In this basic example, we have a model composed exclusively of PyTorch modules. To describe them accurately, we utilize the trace generated by torch fx.

The generated trace appears as follows:

Opcode          Name            Target         
placeholder     x               x              
call_module     linear1         linear1        
call_module     activation      activation     
call_module     linear2         linear2        
call_module     softmax         softmax        
output          output          output  

This trace allows us to identify each generated layer and provides the following information:

  • Opcode: Indicates the type of operation performed by the layer.
  • Name: Corresponds to the name of the function or operation performed by the layer.
  • Target: Represents the name of the layer as it appears in the description of the PyTorch model.

Thus, the trace provides a detailed view of the operations performed by each layer, making it easier to understand and analyze the model.

Name            Module declaration
linear1         Linear(in_features=100, out_features=200, bias=True)
activation      ReLU()         
linear2         Linear(in_features=200, out_features=10, bias=True)
softmax         Softmax(dim=None)

The retrieval, analysis, and management of all this information enable the generation of a file containing a new model ready for pipelined training on N GPUs.

Model splitting

Now that we can create a model that can be distributed across multiple GPUs, the question arises: how do we split it intelligently?
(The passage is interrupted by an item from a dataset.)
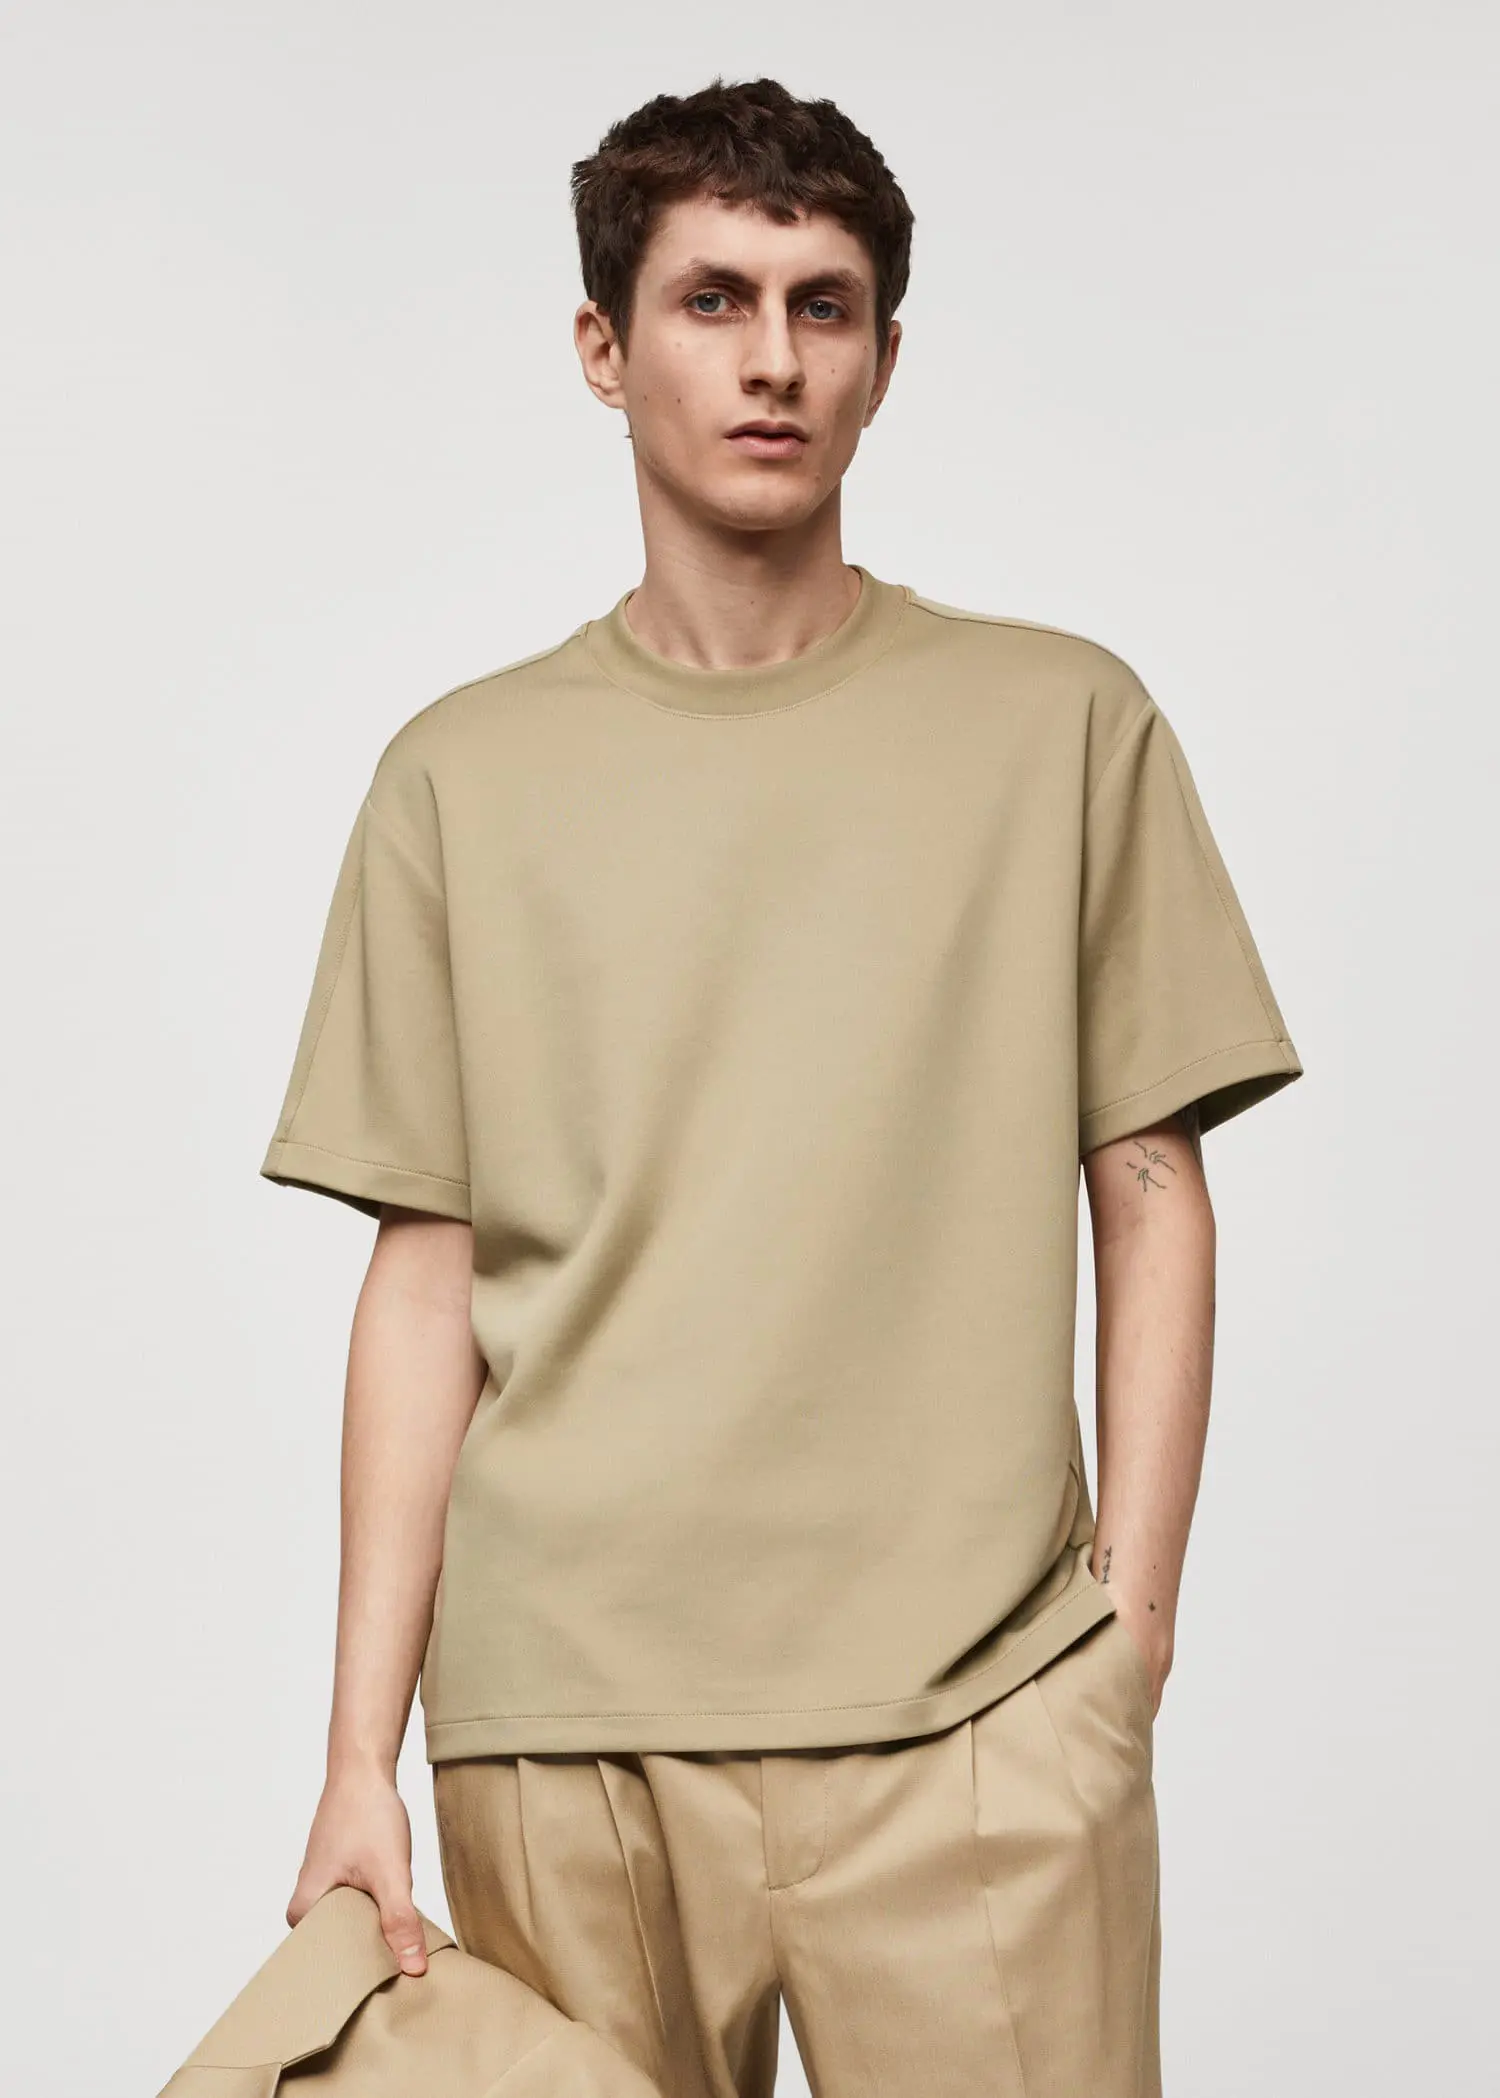 Mango T-shirt relaxed-fit tessuto stretch. 2

Currently, the tool proceeds with a somewhat naive approach. We create a dummy dataset to pass through the model and perform a training run. This allows us to measure the memory loads on all GPUs.

Initially, the tool divides the layers into two equal parts (in terms of the number of layers) and conducts these memory load measurements. If the load is not evenly distributed, we rewrite the model (moving layers around) and iterate the dummy run until we achieve uniform distribution on N GPUs.

Pipeline Tool Example

Two examples are provided in examples/. They demonstrate how to:

  1. Use the pipeline_tool
  2. Train a pipelined model
  3. Evaluating a pipelined model
  4. Save the trained model.

Pipeline Tool in Giotto Deep

The Pipeline tool is seamlessly integrated into Giotto-Deep's trainer, requiring no changes to its API.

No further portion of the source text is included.